Start of Given data

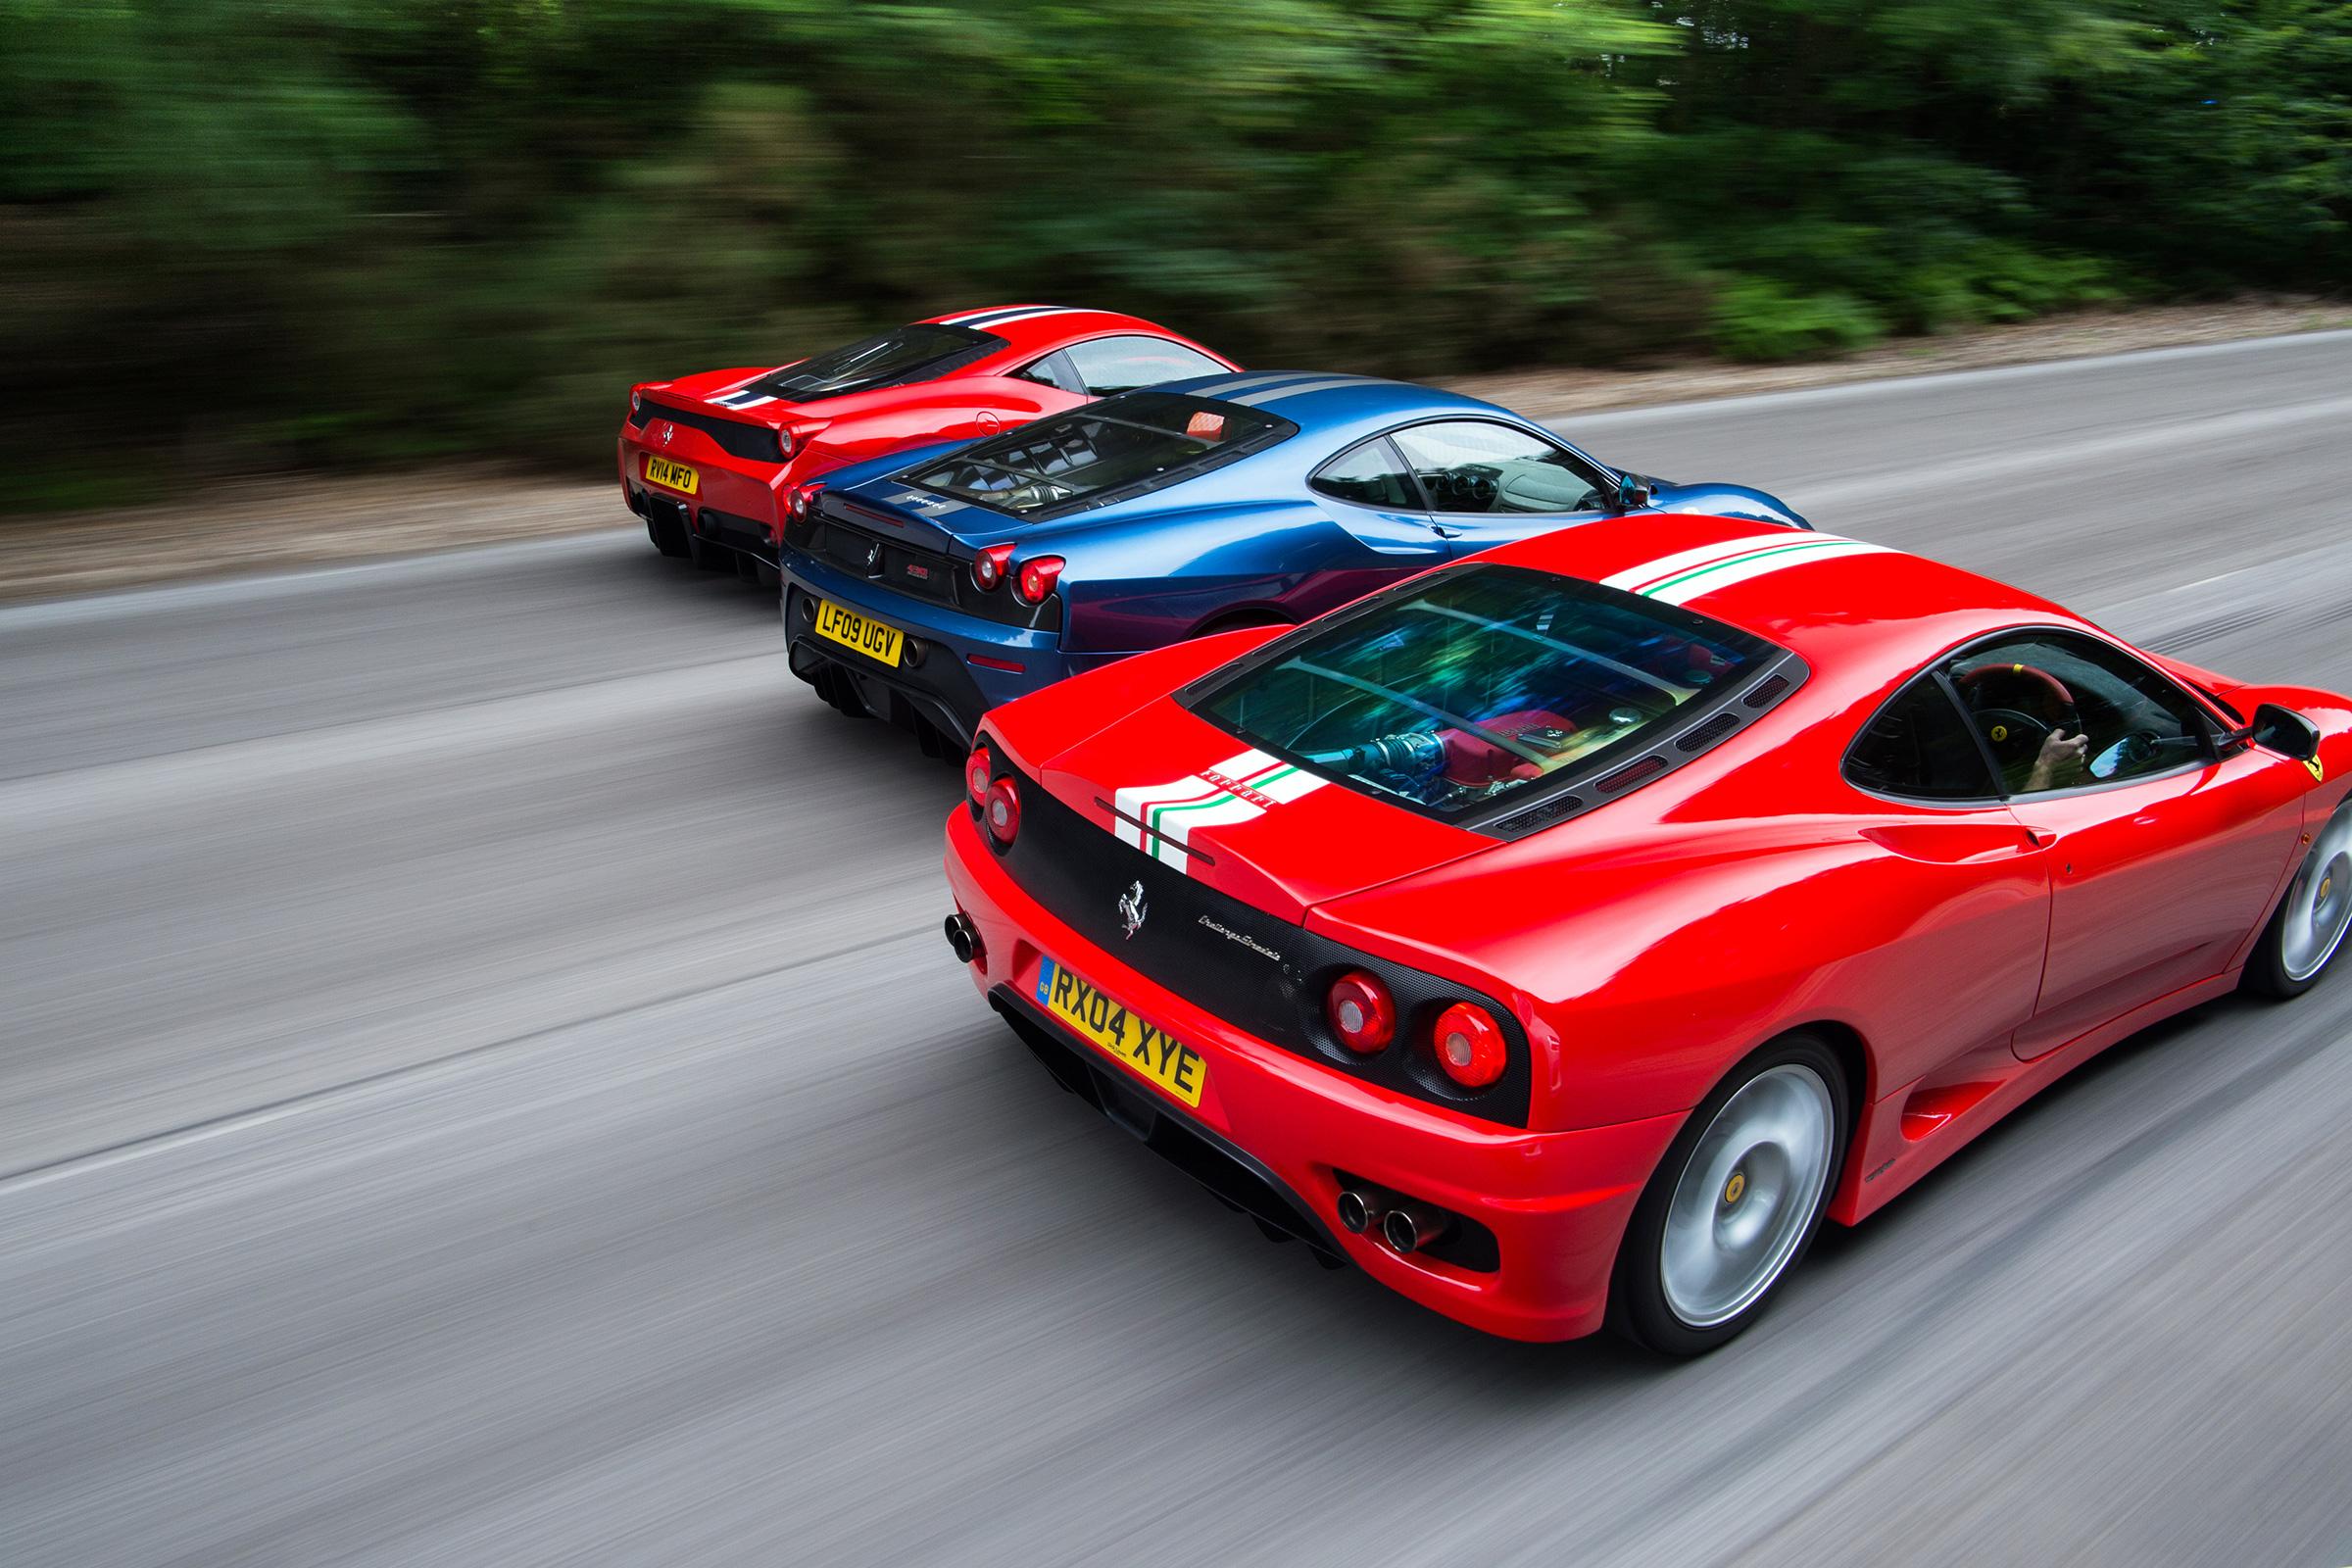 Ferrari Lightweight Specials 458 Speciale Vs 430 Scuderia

End of Given data
Start of Given data

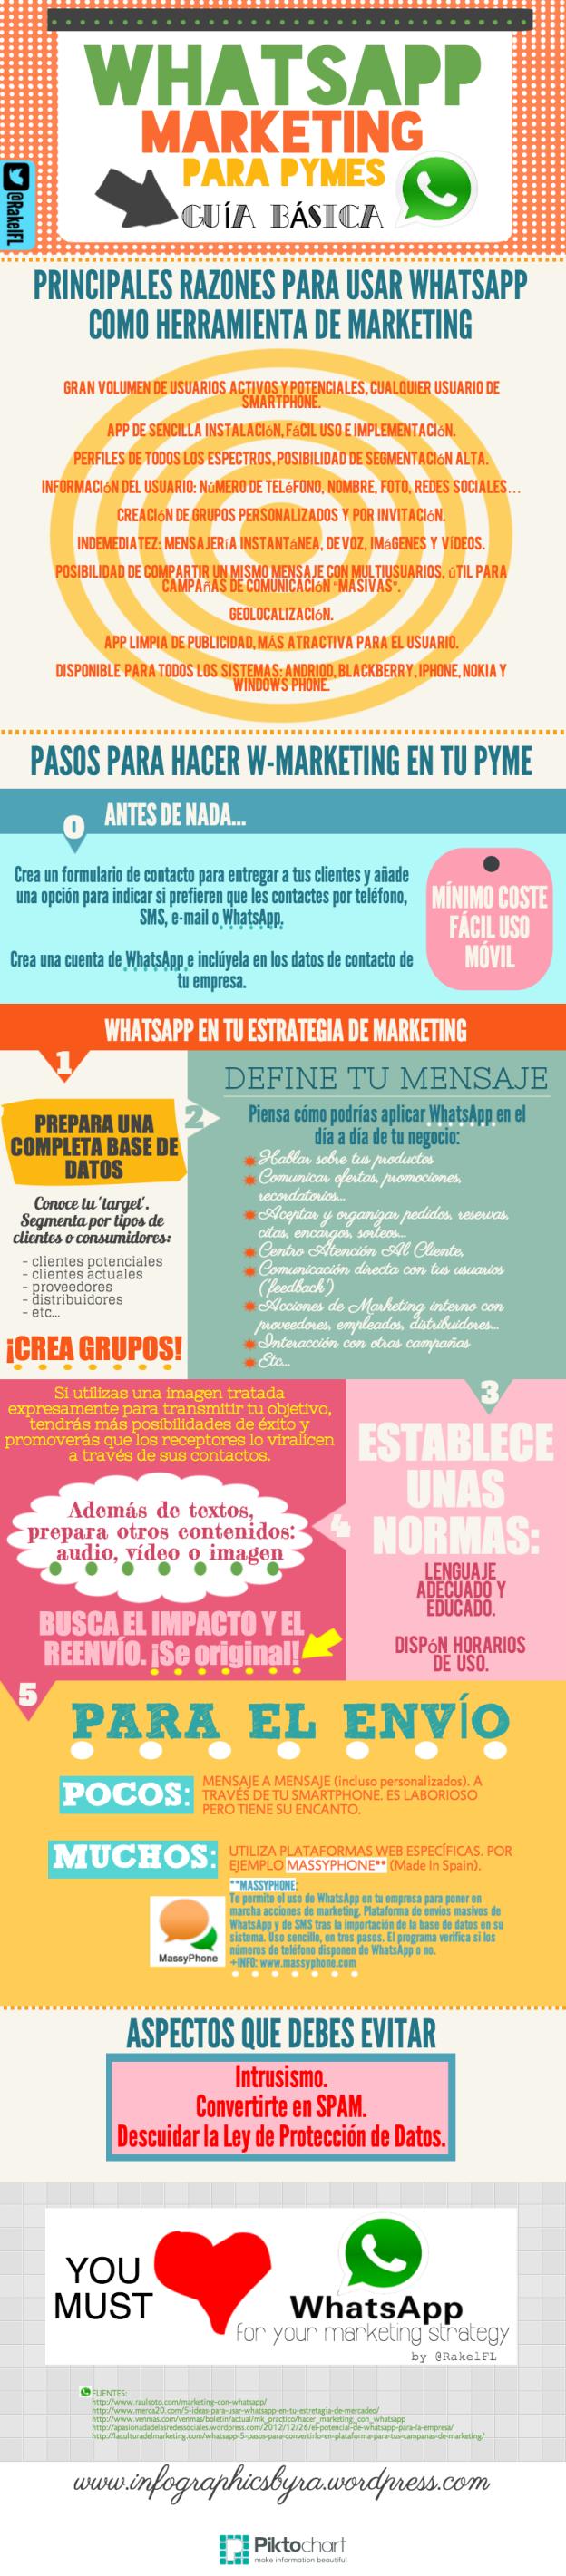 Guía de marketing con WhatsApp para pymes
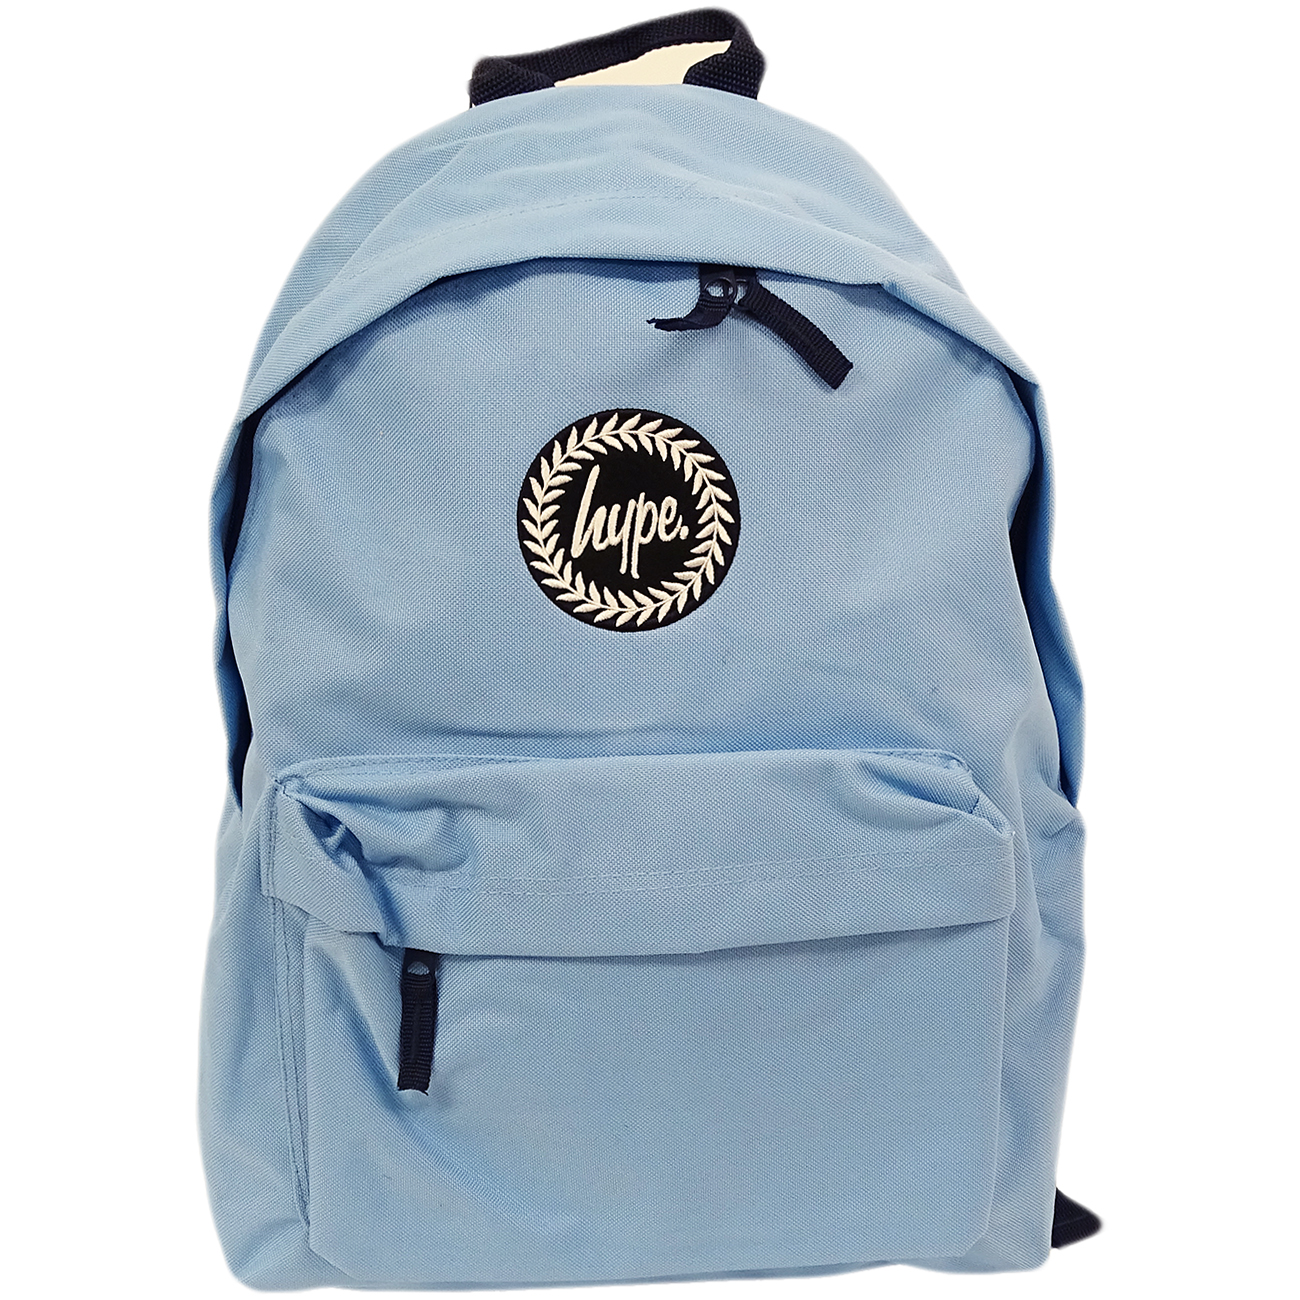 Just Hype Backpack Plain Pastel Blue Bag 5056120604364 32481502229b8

End of Given data

What you are asked to do: Pictures excluded, transcribe the listing above exactly from the line with "Guía de marketing con WhatsApp para pymes" through the line with "Just Hype Backpack", and no further.

Expected output:
 Guía de marketing con WhatsApp para pymes
 Just Hype Backpack Plain Pastel Blue Bag 5056120604364 32481502229b8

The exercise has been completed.